A Syrian Chemical Attack: Is America Obligated to Act?

The recent news that the U.S. and NATO warned the Syrian regime about the repercussions of using chemical weapons against rebel forces, prompted me to wonder—is the United States obligated to further involve itself in the Syrian civil war if the regime uses chemical weapons against its own people? And, if the answer to that is a “yes,” then to what extent?

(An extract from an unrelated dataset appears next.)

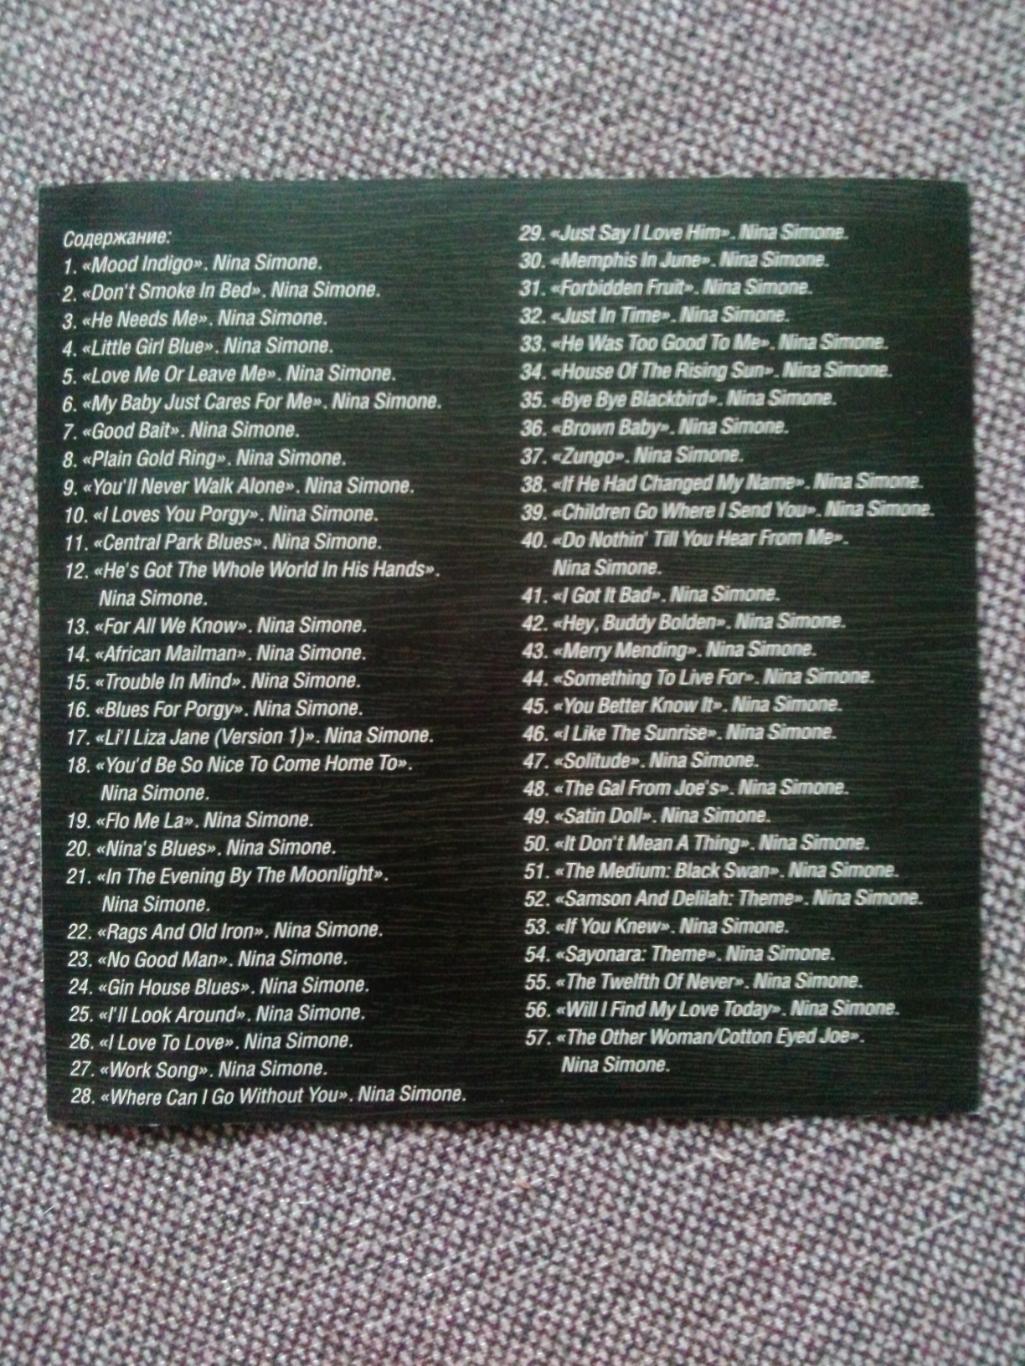 MP - 3 CD диск : Нина Симон (Nina Simone) 1958 - 1963 гг. (6 альбомов) Джаз-блюз 1

President Hafez al-Asad of Syria (centre, background) at an Arab Summit in Baghdad in November 1978. Standing near him, having a separate conversation, are Iraqi President Ahmad Hasan al-Bakr (centre, foreground), beside him Saddam Hussein, the Iraqi Vice-President, Lebanese Prime Minister Saleem al-Hoss (right). Hussein was responsible for the 1988 chemical attacks on Iraq’s own Kurdish population, during which the international community failed to act. Now Assad’s son, the current leader of Syria, Bashar al-Assad, is posed to engage in a similar massacre with his own population. How will the international community react this time around?

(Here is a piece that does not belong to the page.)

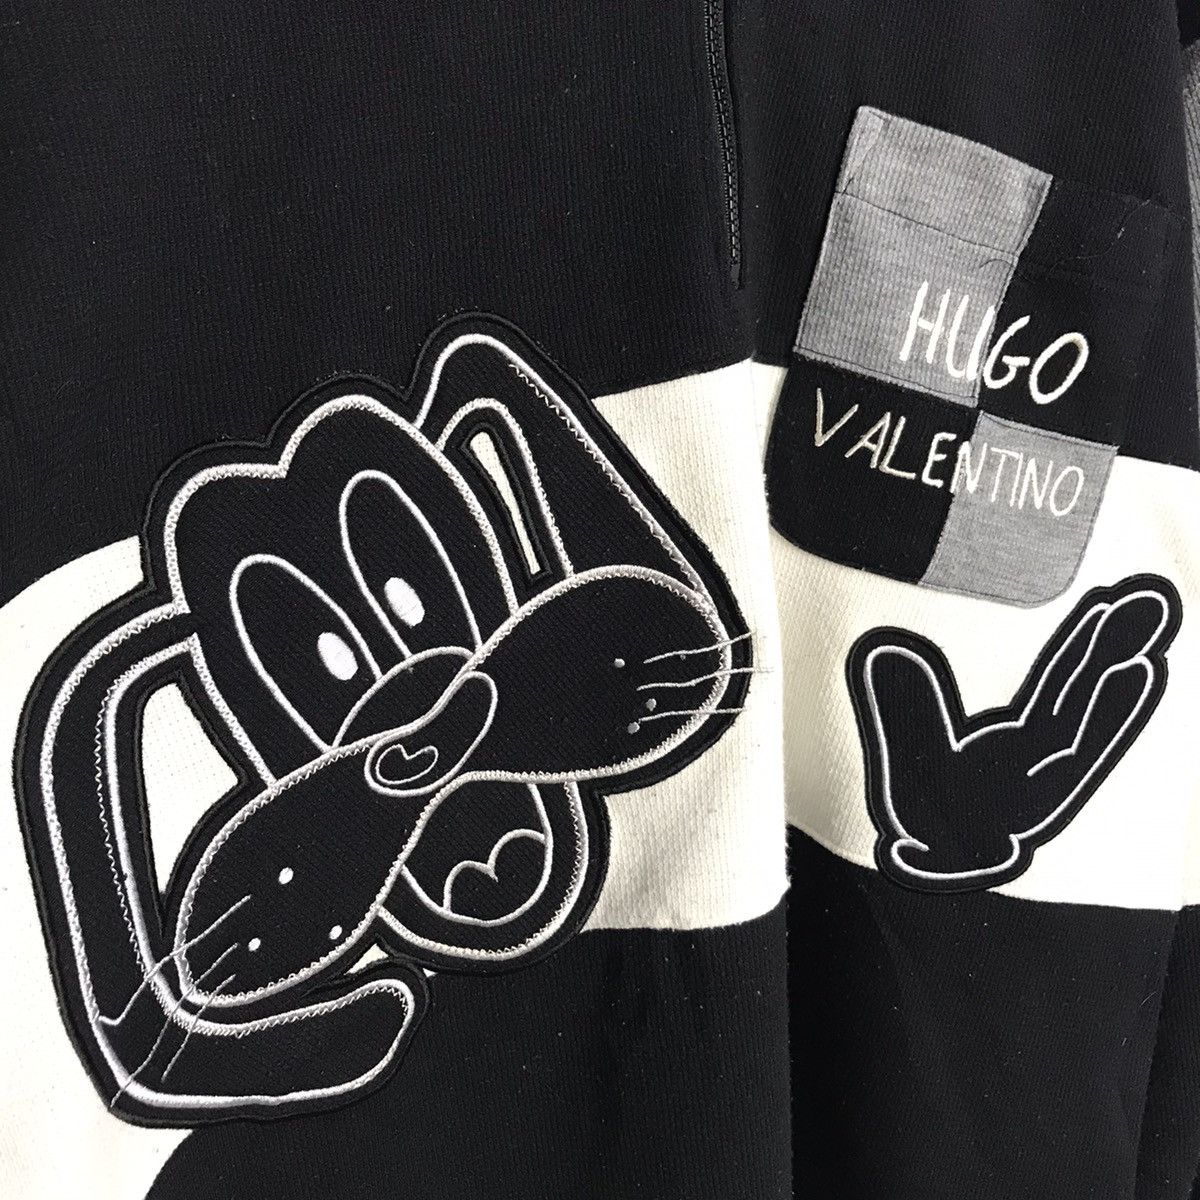 Hugo valentino vicenza italy big embroidery sweater - 3

Dealing with a Baathist regime that used chemical weapons against its own people is not new for the United States. In 1988, the Saddam Hussein-led regime in Iraq orchestrated a chemical weapons attack on its Kurdish population in the northern city of Halabja, resulting in between 3,200 to 5,000 deaths and 7,000 to 10,000 injured, mainly civilian. At the time, America’s response to the massacre was close to nonexistent. Iraq was an ally against the newly theocratic, anti-western Iranian regime and U.S. statesmen saw little utility in the Iraqi Kurds regarding U.S. national interest at the time.

To say this was a humanitarian failure for the United States and other global powers is an understatement.

So how should the U.S. handle this most recent prospect of a tyrannical regime using chemical weapons on its own people? First, is there any international or domestic legal obligation to do anything about it?

There is nothing necessarily legally binding in international law that definitively requires the United States or international community to act. Most WMD-related international law involves treaties, like the Chemical Weapons Convention, that Syria never signed. Nor could international bodies like NATO necessarily act in defense of another state as Syria’s conflict remains internal, although there has been some spill-over into Turkey.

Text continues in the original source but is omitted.